§ Exercise goal
The required output is the exact run of lines below that opens at the line with "Sleeve length: 62" and closes at the line with "Condition: very good.".

§ Data for analysis
########################################

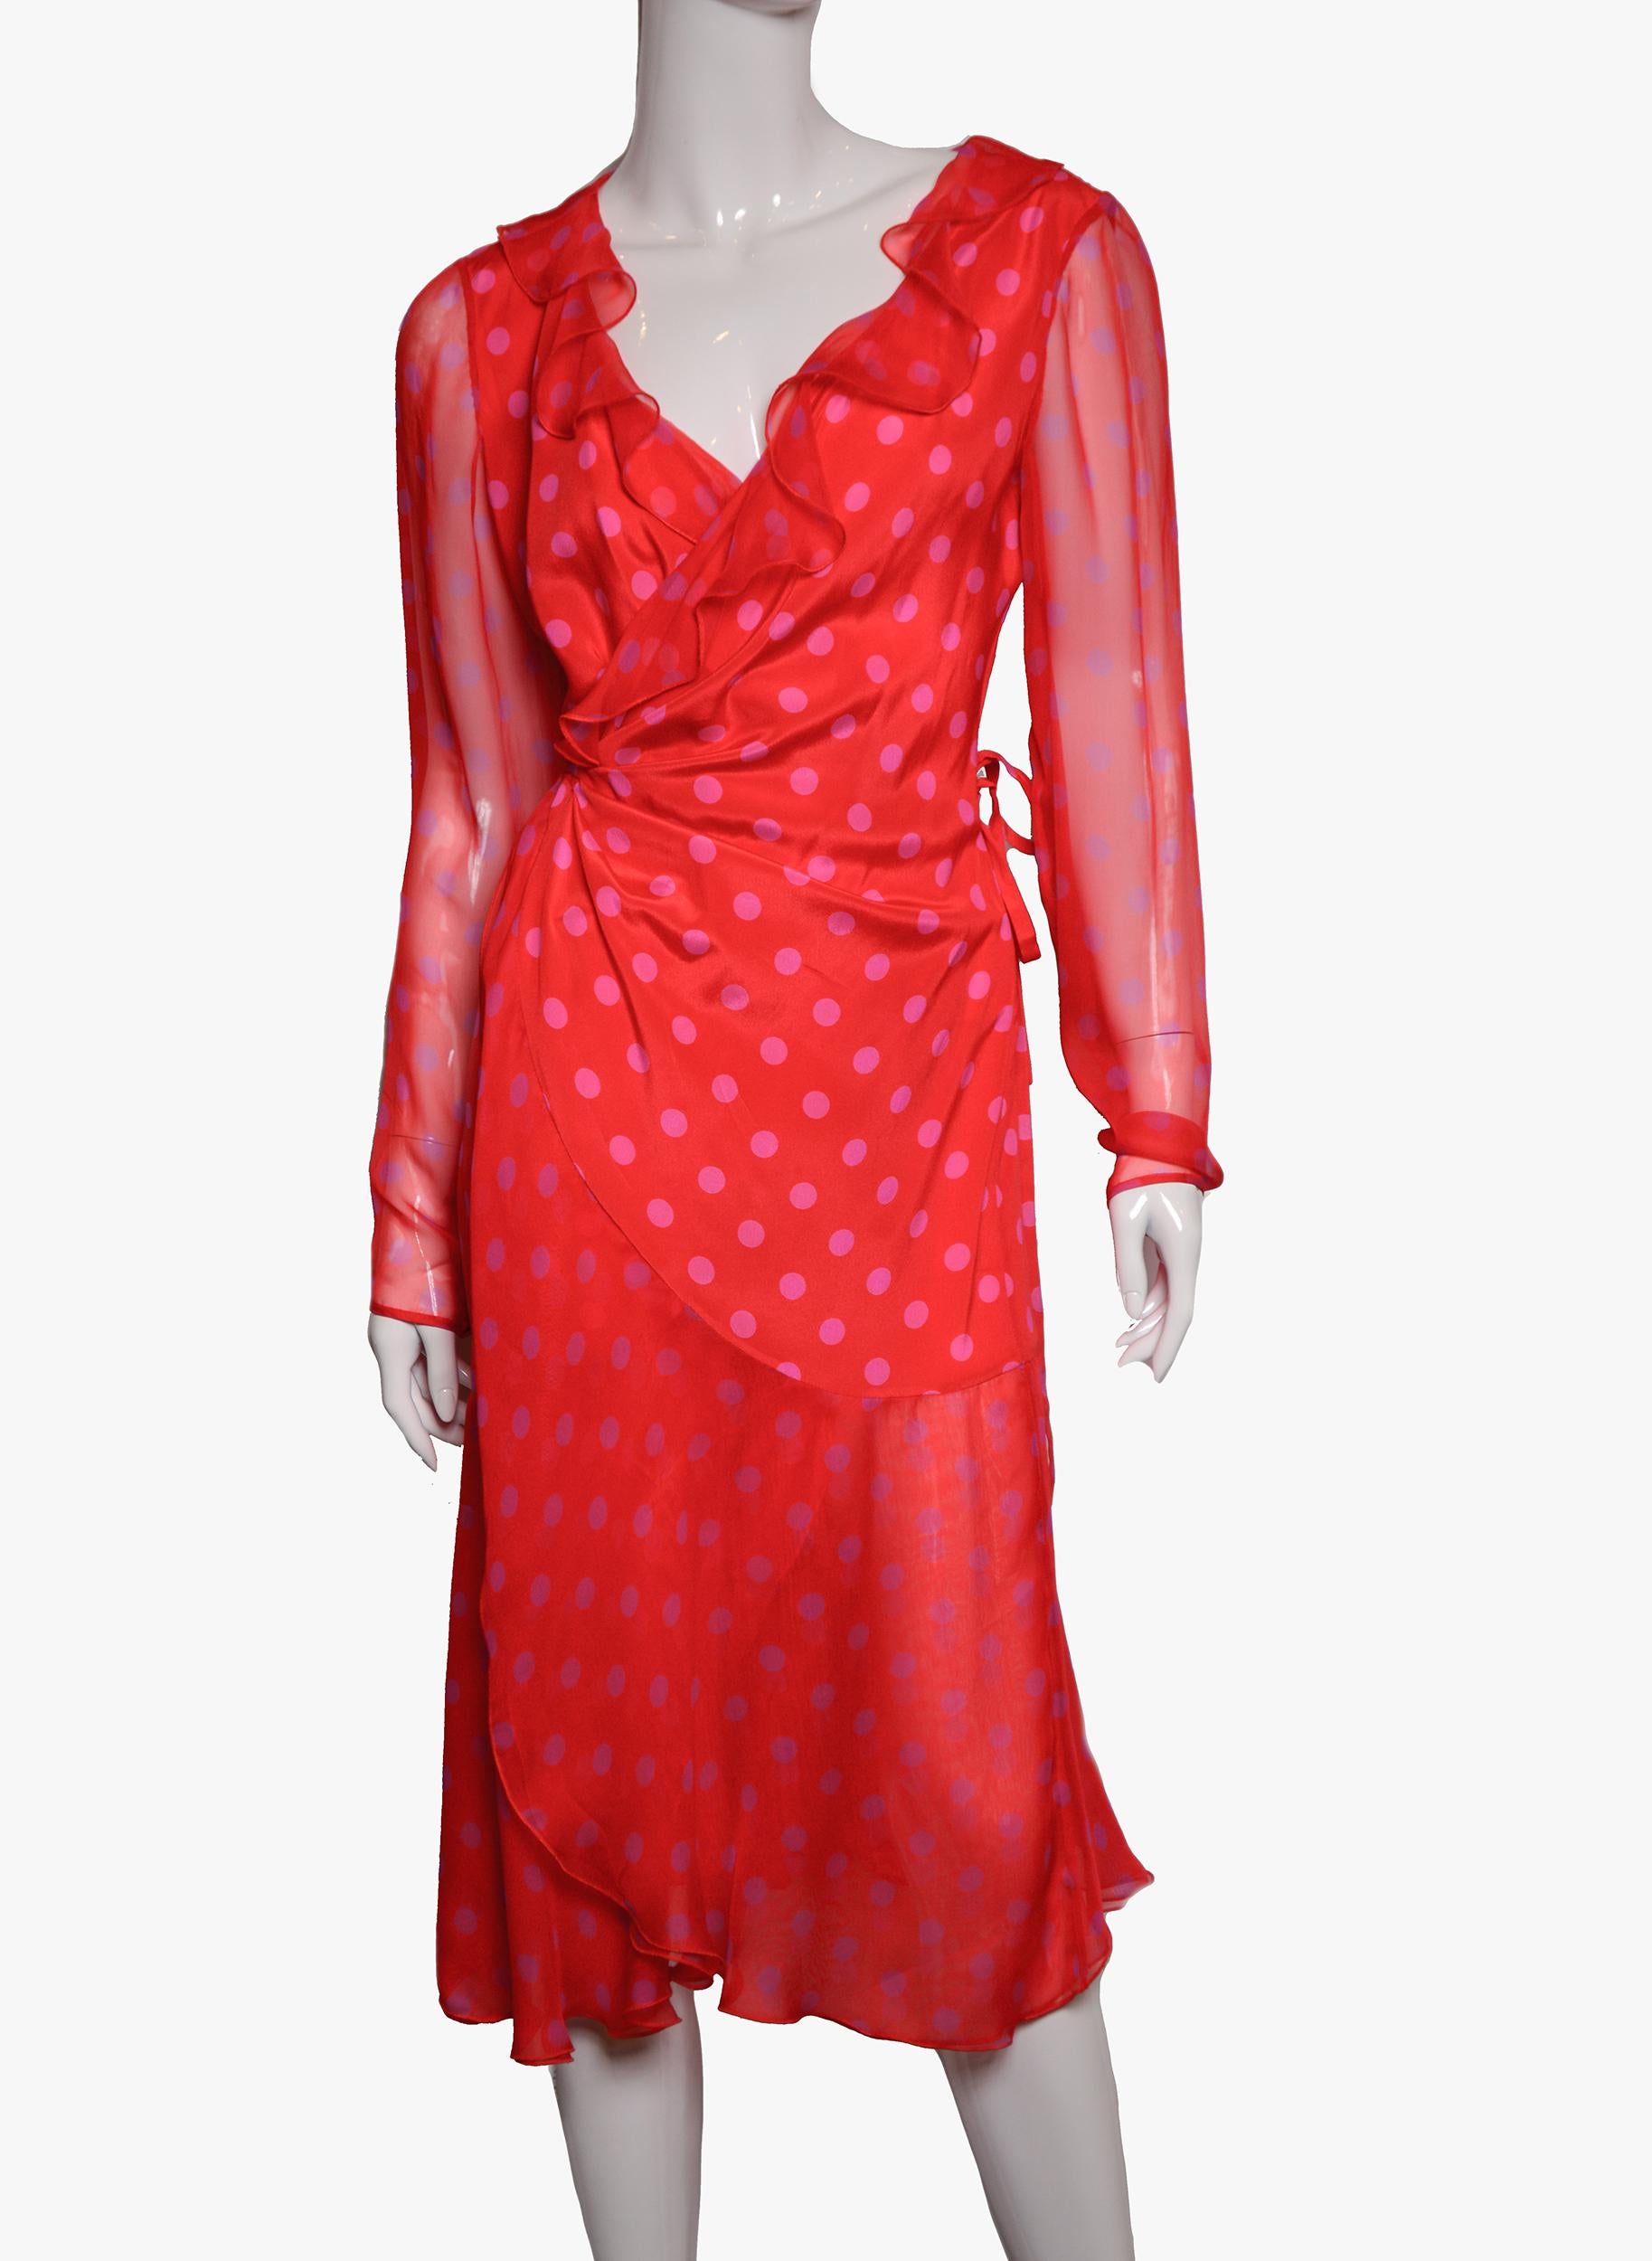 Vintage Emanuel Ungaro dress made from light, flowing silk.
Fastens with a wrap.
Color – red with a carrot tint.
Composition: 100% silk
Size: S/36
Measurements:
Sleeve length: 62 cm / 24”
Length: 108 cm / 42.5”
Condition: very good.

########################################

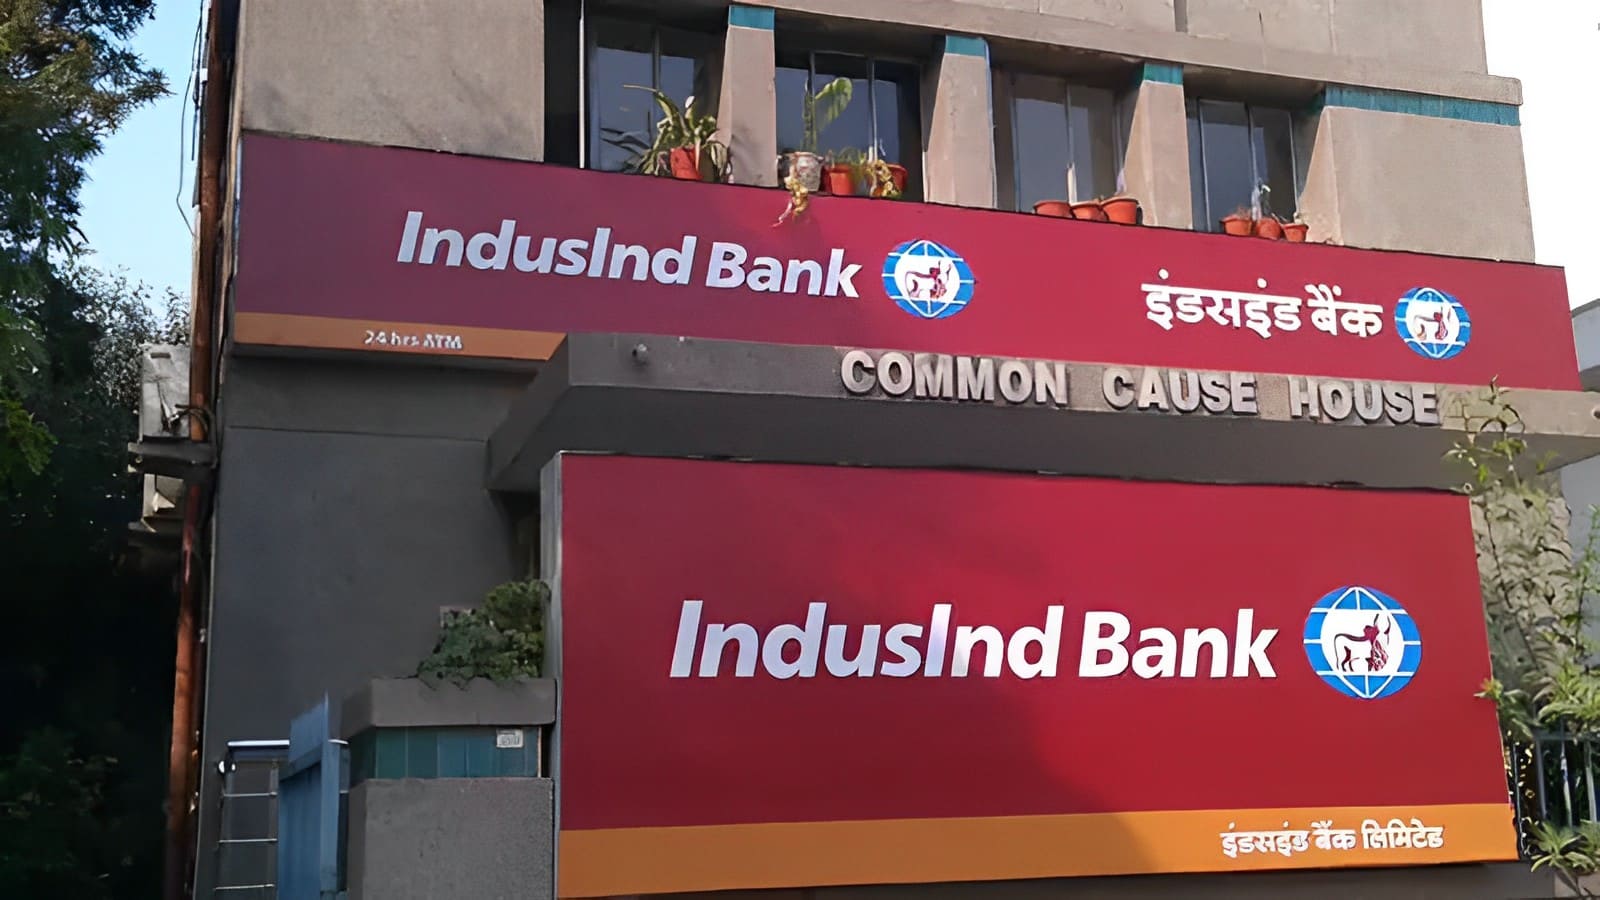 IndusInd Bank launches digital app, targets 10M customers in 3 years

########################################

§ Task output
Sleeve length: 62 cm / 24”
Length: 108 cm / 42.5”
Condition: very good.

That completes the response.